For any fixed $n$ and large $k$, the centers of the small spheres of radius $r$ should be constrained to a sphere of radius $1-r$. To the small spheres, the space between two spherical shell of radius $1$ and $1-2r$ will look flat. So the optimal $(r,k)$ configuration will correspond to some sort of close packing of $S^{n-2}$ in a $\mathbb{R}^{n-1}$.

Let $\rho_{n}$ be the optimal packing density of $S^{n-1}$ in $\mathbb{R}^n$. Let $\displaystyle\sigma_n = \frac{\pi^{n/2}}{\Gamma(\frac{n}{2}+1)}$ be the volume of the unit $n$-ball in $\mathbb{R}^n$. We know the "surface area' of the unit $n$-ball is given by $n\sigma_n$. This leads to $$\begin{align} & \sigma_{n-1} k\,r^{n-1} \approx n\sigma_n (1-r)^{n-1} \times \rho_{n-1} \\ \implies & \mathcal{R}_n = \lim_{k\to\infty} k\,r^{n-1}(n,k) \approx n\frac{\sigma_n}{\sigma_{n-1}}\rho_{n-1} = \frac{2\sqrt{\pi}\,\Gamma\left(\frac{n+1}{2}\right)}{\Gamma\left(\frac{n}{2}\right)}\rho_{n-1} \end{align}$$

It is known that $\rho_1 = 1$, $\displaystyle \rho_2 = \frac{\pi}{2\sqrt{3}}$, $\displaystyle \rho_3 = \frac{\pi}{\sqrt{18}}\color{blue}{^{[1]}}$ and $\displaystyle \rho_8 \approx \frac{\pi^4}{384} ( 1 + O(10^{-14}) )\color{blue}{^{[2]}}$. This give us an estimate

$$\mathcal{R}_n \approx \begin{cases} \pi,&n = 2\\ \\ \frac{2\pi}{\sqrt{3}},& n = 3\\ \\ \frac{\pi^2}{4\sqrt{2}}, & n = 4\\ \\ \frac{2\pi^4}{105},&n = 9 \end{cases}$$ Something very different from your guess when $n \ge 3$.

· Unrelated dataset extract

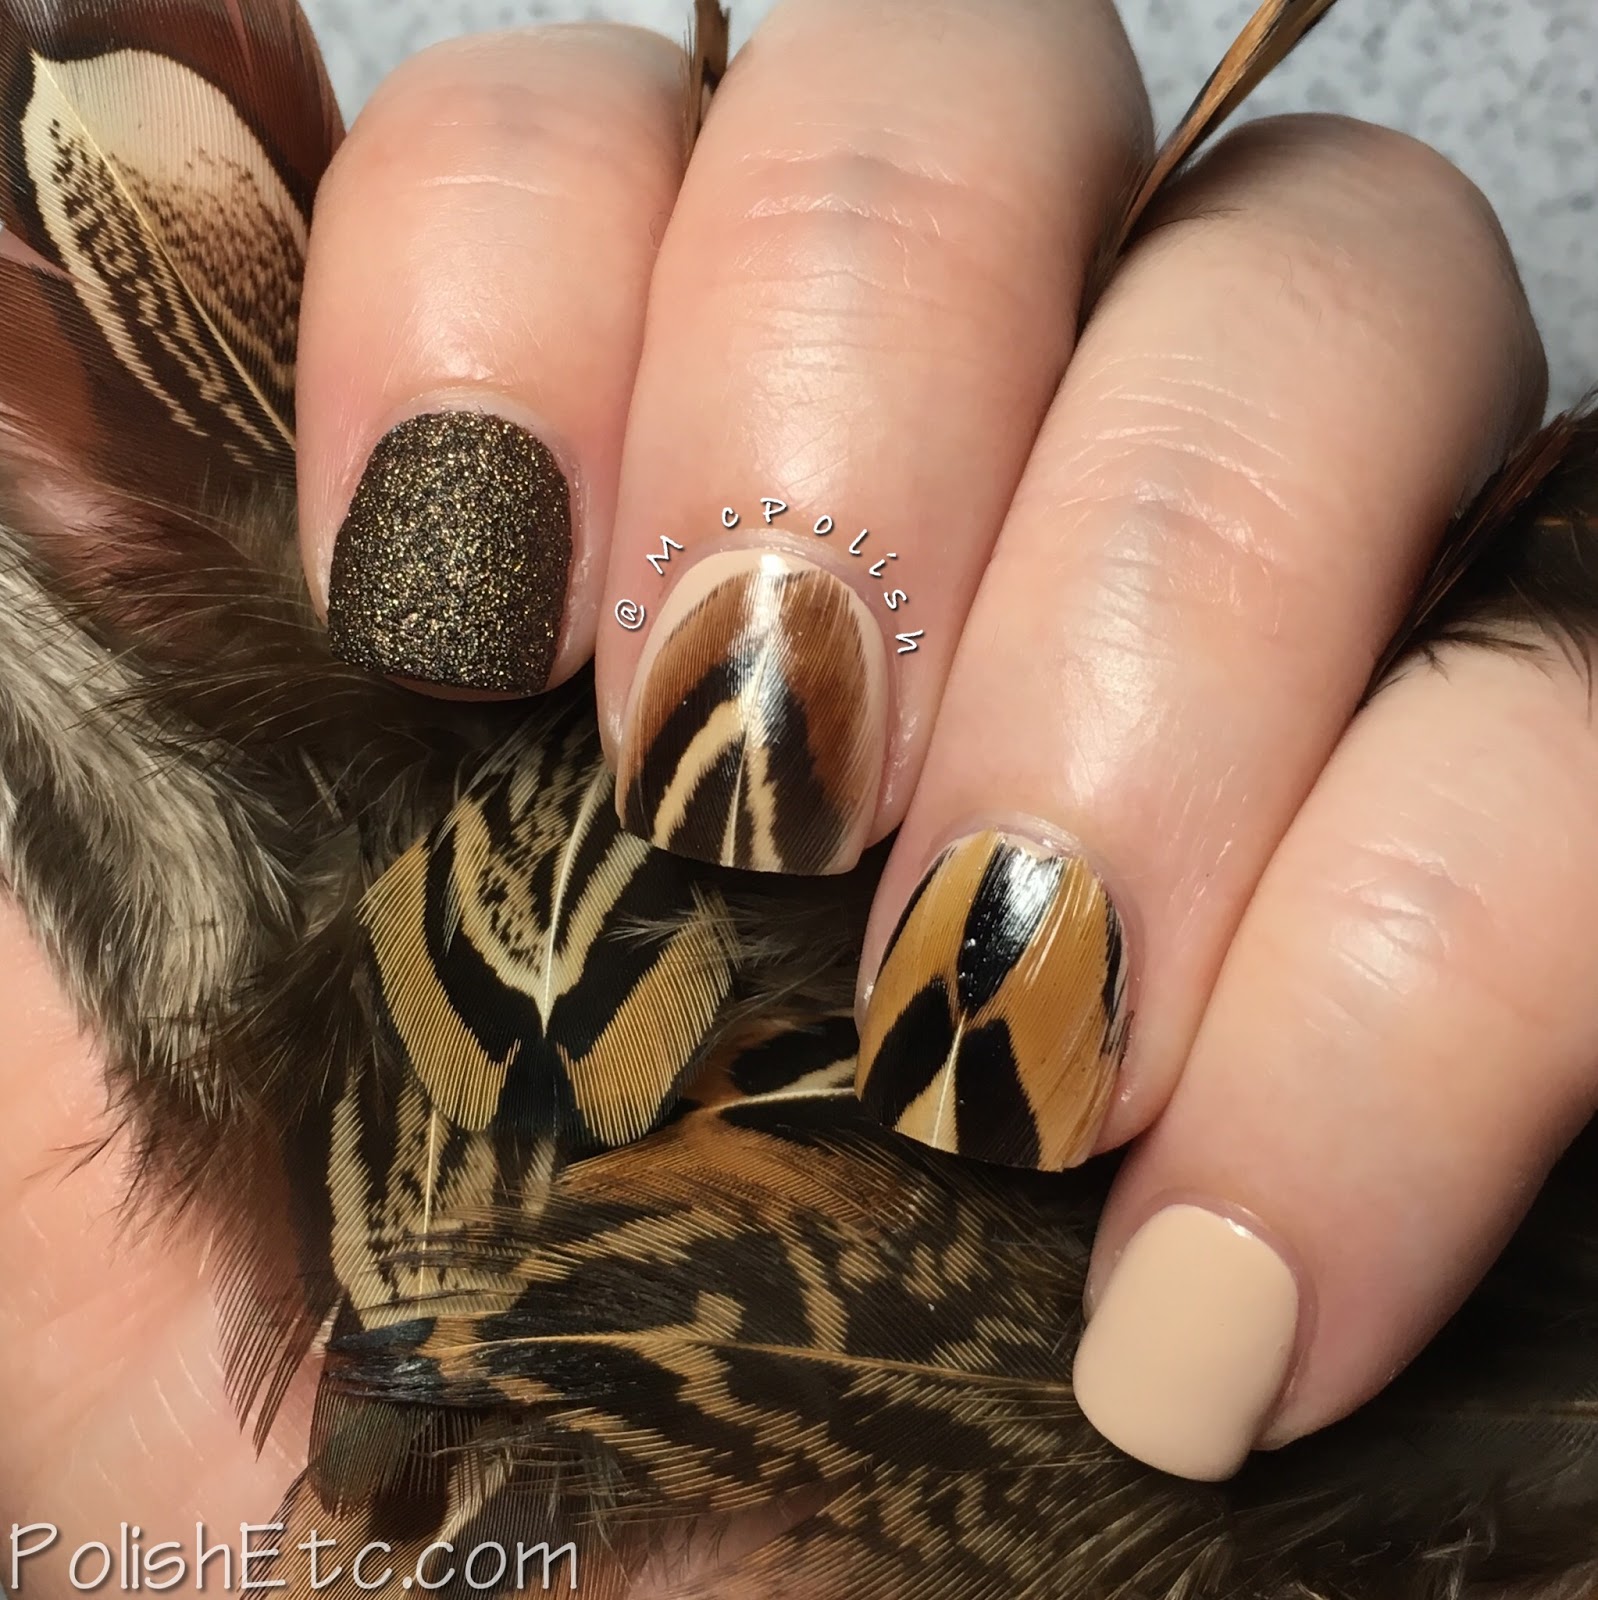 Amateur Manicure : A Nail Art Blog: Double Gradient Leopard Print Nail Art

About what happens to $\mathcal{R}_n$ for large $n$, we know that for $n \ge 115$, there is an upper bound for $\rho_n$ of the form$\color{blue}{^{[3]}}$:

$$\rho_n \le 2^{-(0.5990\ldots + o(1))n}$$ This means $\mathcal{R}_n$ converges to $0$ as $n$ tends to infinity.

Notes

  • $\color{blue}{[1]}$ T.C. Hales, A proof of the Kepler conjecture, Ann. of Math. (2) 162 (2005), 1065-1185. MR2179728 doi:10.4007/annals.2005.162.1065.

  • $\color{blue}{[2]}$ the packing density $\frac{\pi^4}{384}$ is achieved by regular packing of spheres on an $E_8$ lattice in $\mathbb{R}^8$. The $O(10^{-14})$ error bound is given by H.Cohn and A. Kumar but I don't know the exact reference.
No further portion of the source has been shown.